Итак, Алекс оказался прав – сводный брат пришел отнюдь не для того, чтобы обсудить результаты референдума.

– Может, поможешь немного, временно, пока не стану на ноги. Я понимаю, тебе тоже непросто, дети еще мало зарабатывают, но хутор же приносит неплохой барыш…

Хутор – это был всегда последний аргумент, который Адо, приходя одалживать деньги, бросал на кон – потому что хутор достался после смерти мамы Алексу. Не просто так, конечно – Алекс в свое время немало туда вкладывал, но сводные братья были все равно обижены и при каждой возможности царапали его совесть.

Кончилось тем, чем должно было кончиться, Адо получил свои деньги, не так много, как просил, но получил, и попрощался, весьма довольный – наверное, боялся, что уйдёт ни с чем.

– Когда меня выберут в парламент, возьму Эрвина в советники, – пообещал он в дверях.

Алекс не стал говорить, что сын вряд ли захочет якшаться с нацистами, – мало ли что в жизни может случиться, разве он сам мог подумать, что придет время, когда он будет трудиться на большевиков?

Оставшись один, он снова сел за стол и раскрыл газету, но тут же отбросил – ну, не мог он после завтрака сидеть дома сложа руки, не привык, раньше он в это время давно бы уже вышел из дому, в контору – но где была его контора сейчас?

– Марта, пойду, посмотрю, как там на рынке. Что-нибудь нужно?

Но жена только покачала головой.

В прихожей Алекс столкнулся с Лидией – младшая спешила в школу.

– Что вы сейчас рисуете? – поинтересовался он.

– Натюрморт! – сообщила Лидия радостно – дочь была в восторге от новой специальности. Алексу ее учеба, правда, обходилась недешево, но он не жаловался – было приятно знать, что в семье растет и художница. Марта к увлечению дочери относилась скептично, она не была уверена, хватит ли той таланта, но препятствовать все же не стала, считая живопись более невинной забавой, чем тайный кружок марксизма, куда Лидия ходила в прошлом году – когда Марте удалось вытянуть из Лидии это признание, она устроила ей головомойку.
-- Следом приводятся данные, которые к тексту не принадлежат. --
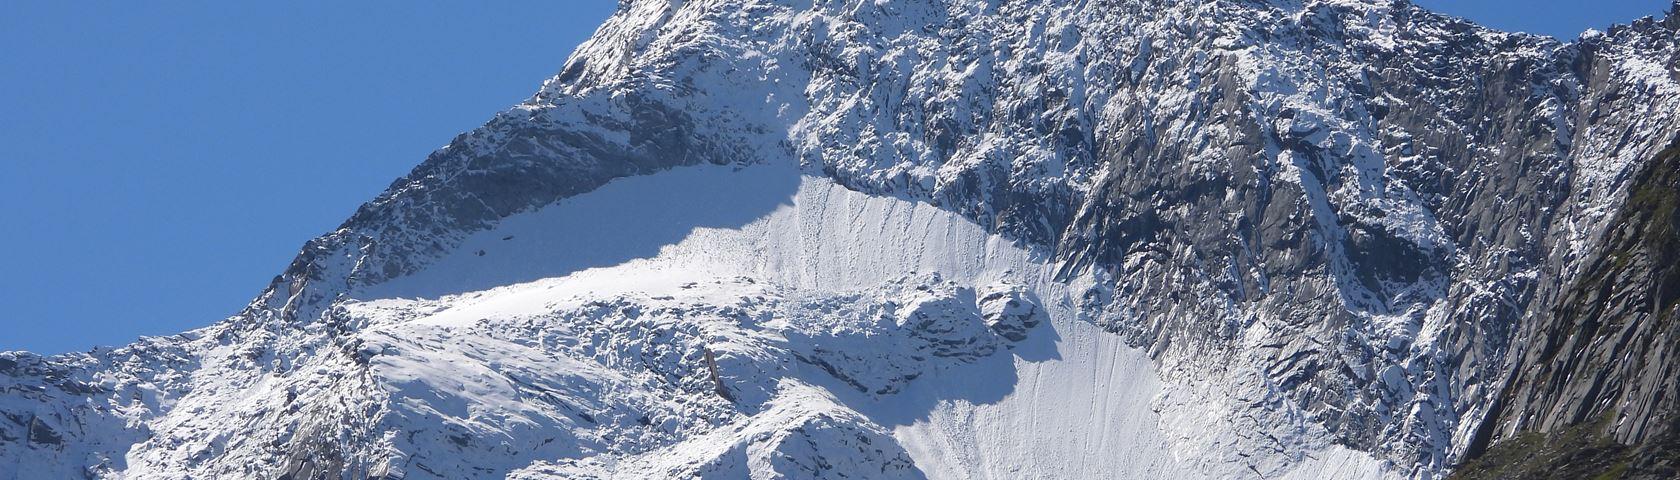 Mountain in Austria Zillertal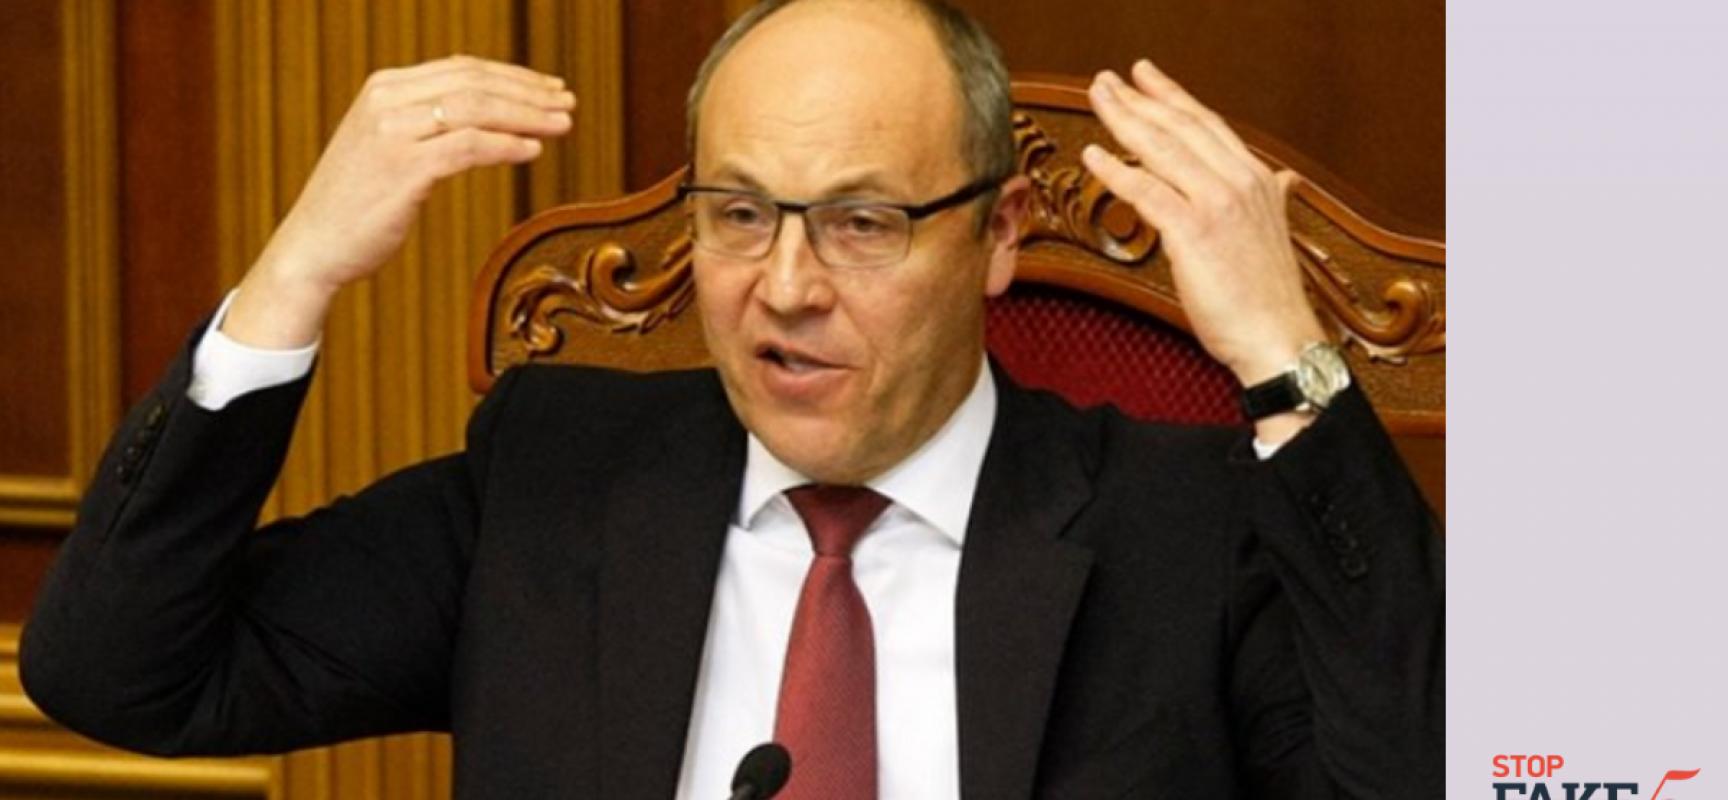 Fake: Ukraine's Parliamentary Speaker Calls for a New Maydan

На улице дул пронизывающий ветер, и Алекс с удовольствием поднял бы воротник, но не хотел выглядеть рядом с дочерью мужланом, Лидия смотрелась шикарно в своем новом пальто и красном берете, который послала ей в подарок германская невеста Германа, один идущий навстречу студент, по крайней мере, приветствовал ее с явной симпатией.

– Кто это? – спросил Алекс, когда тот остался позади.

– А, да кто-то из Эстонского общества студентов, – ответила дочь равнодушно.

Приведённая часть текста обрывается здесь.